Email and patient portal   messages may take 48-72 business hours to receive a response. For urgent   concerns — including suspected tendon rupture, signs of infection, or any   sudden change in finger movement — call our office directly or go to the   emergency room immediately. Do not use email for urgent issues.


A Final Word from Dr. Yazid

Tendon surgery asks a great deal of you. The procedure itself is just the beginning. The weeks and months of therapy, splinting, patience, and discipline that follow are what ultimately determine your outcome — and that part is yours to own. The patients who achieve the best results are not necessarily those with the most straightforward injuries. They are the ones who understand what is at stake, follow their protocol without exception, attend every therapy session, and communicate openly with their care team when something does not feel right.

Dr. Yazid and his team are committed to guiding you through every phase of this process. You will not be handed a sheet of exercises and left to figure it out alone. You will have a personalized protocol, regular follow-up with Dr. Yazid, close collaboration with your hand therapist, and a team that is accessible to you when questions or concerns arise.

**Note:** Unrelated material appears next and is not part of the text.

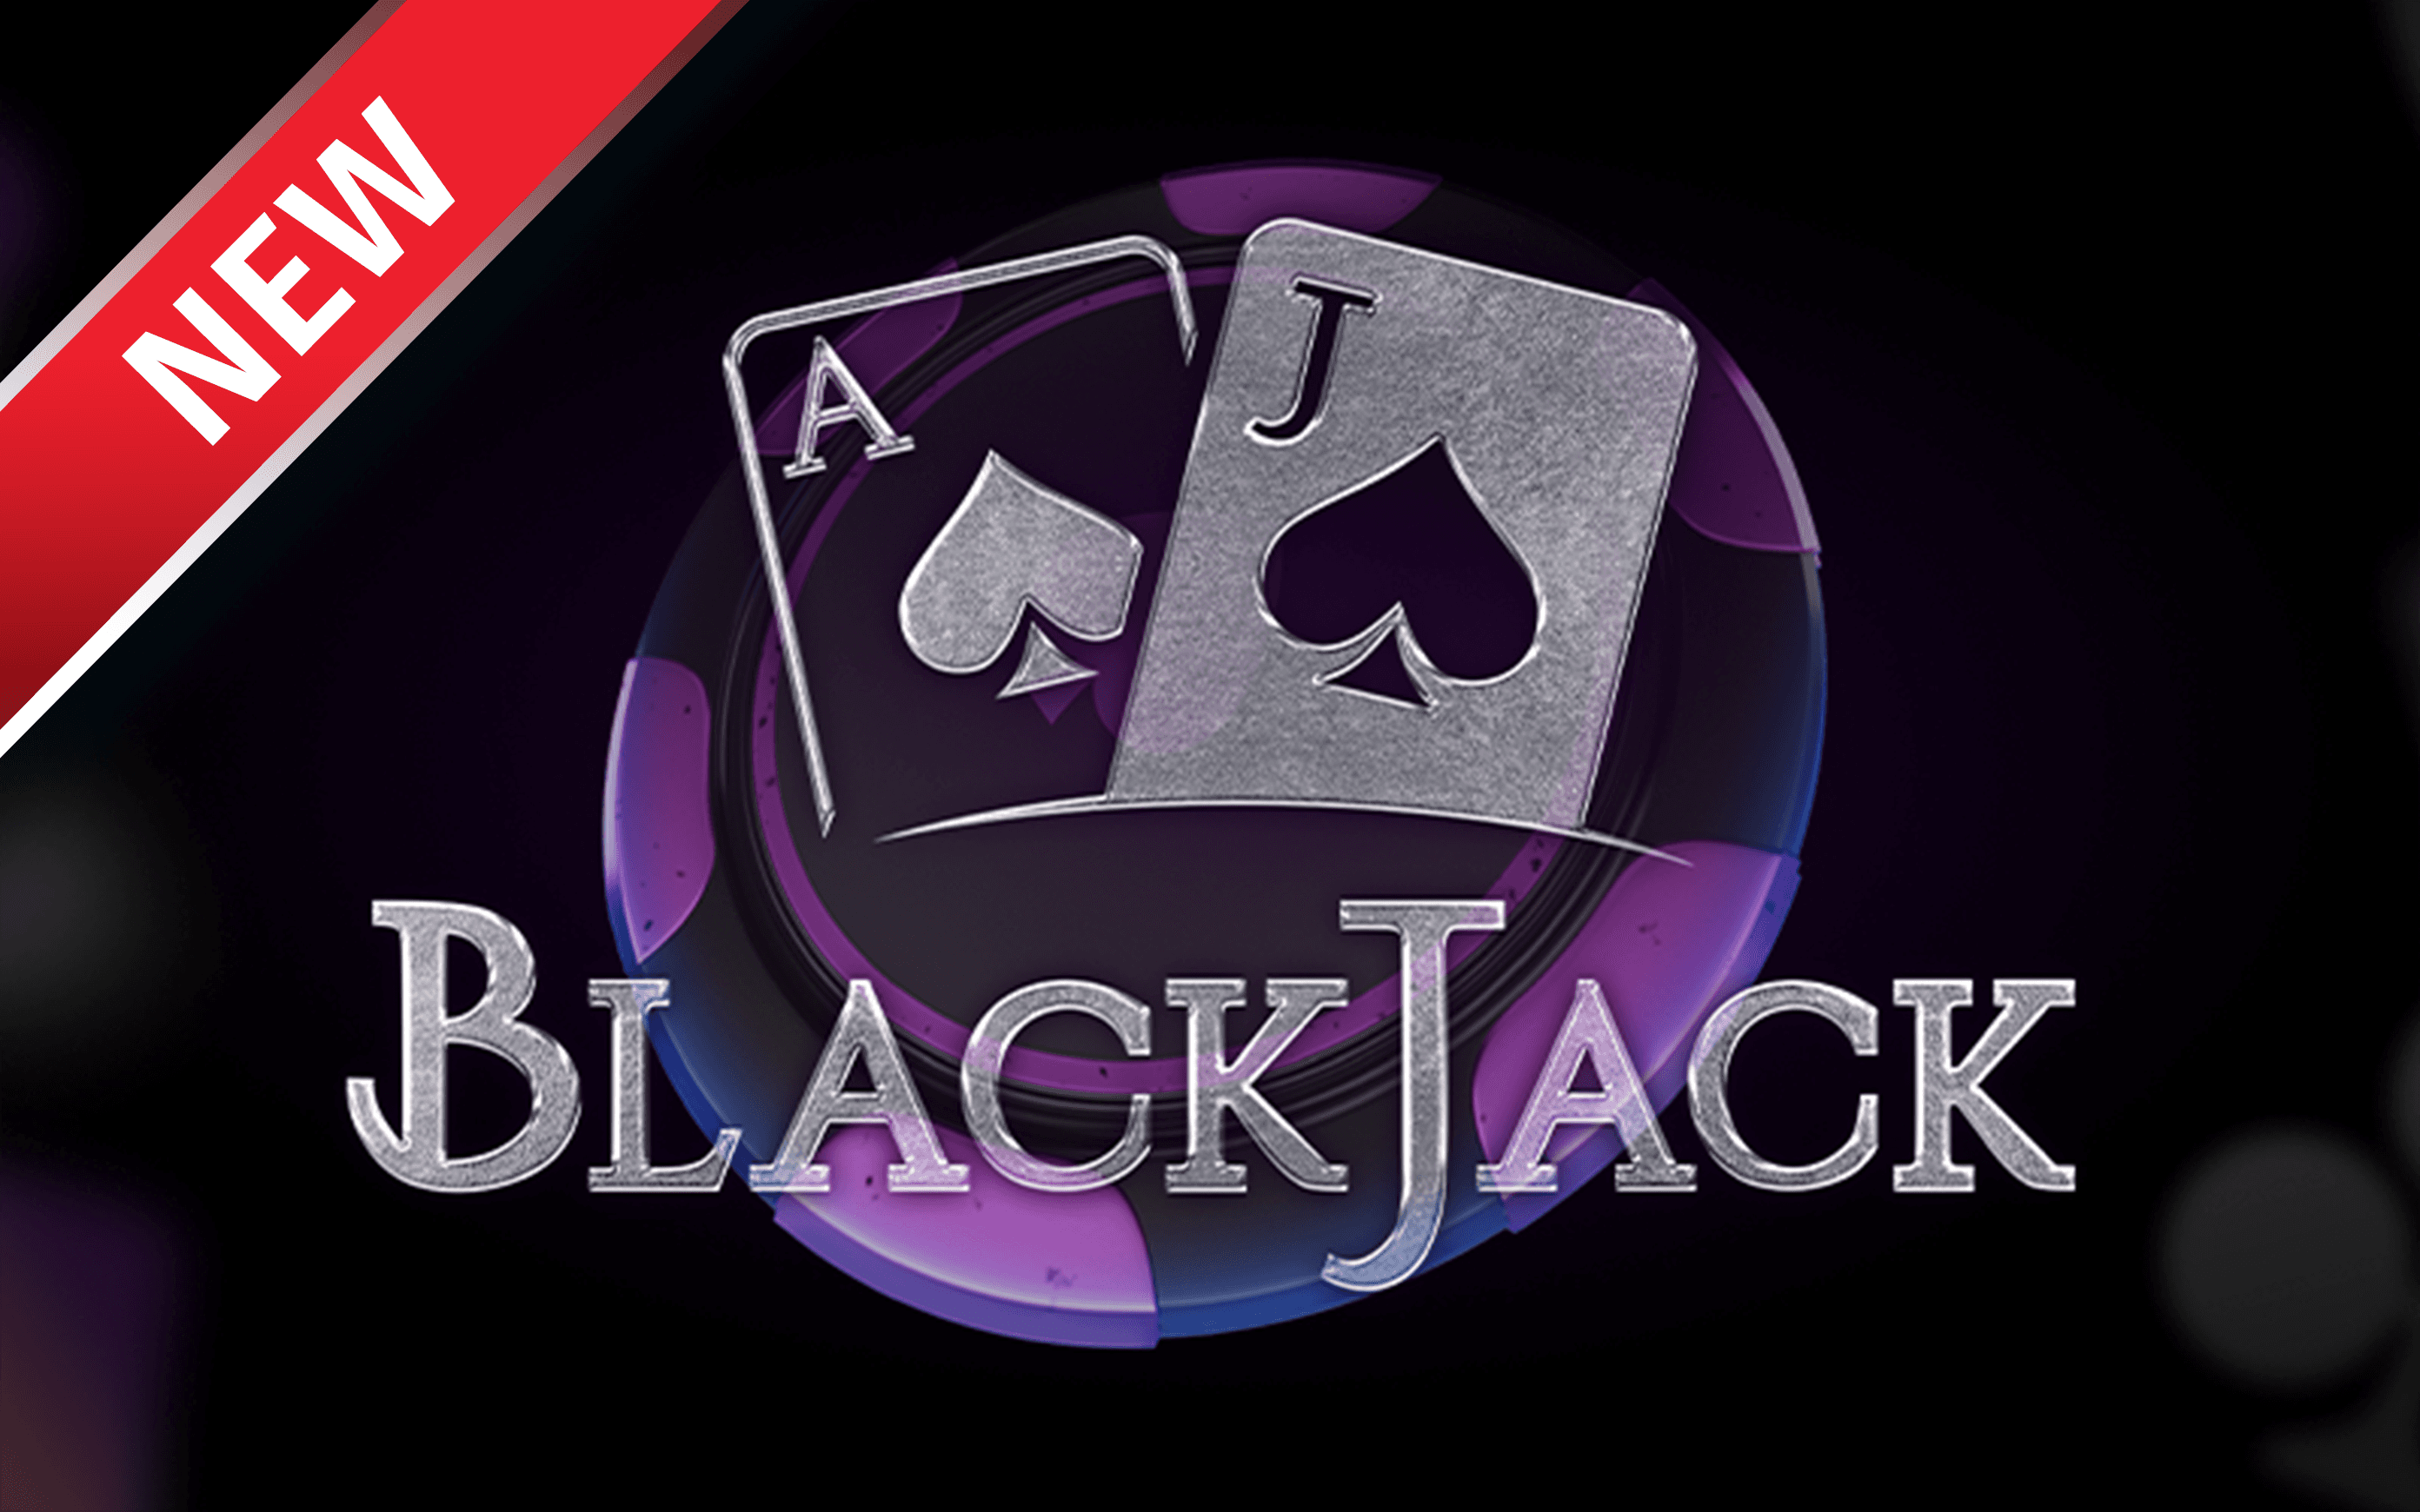 Joacă BlackJack în cazinoul online Starcasino.be

Excellent outcomes after tendon repair are absolutely possible. They take time, trust, and teamwork — and we are honored to be your partner in that process.

Mark Yazid, MD, FACS

Board-Certified Plastic & Reconstructive Surgeon | Hand & Upper Extremity Surgery

Advanced Reconstruction | The Plastic Surgery Center | New Jersey


Medical Disclaimer

The information provided in this document is for general patient education purposes by Mark Yazid, MD, FACS. It does not constitute individualized medical advice and does not replace the specific post-operative instructions and rehabilitation protocol provided to you directly by Dr. Yazid and your certified hand therapist. Tendon repair protocols are highly individualized — your specific instructions govern your care. If you have any question about your protocol, contact our office or your hand therapist before deviating from your instructions.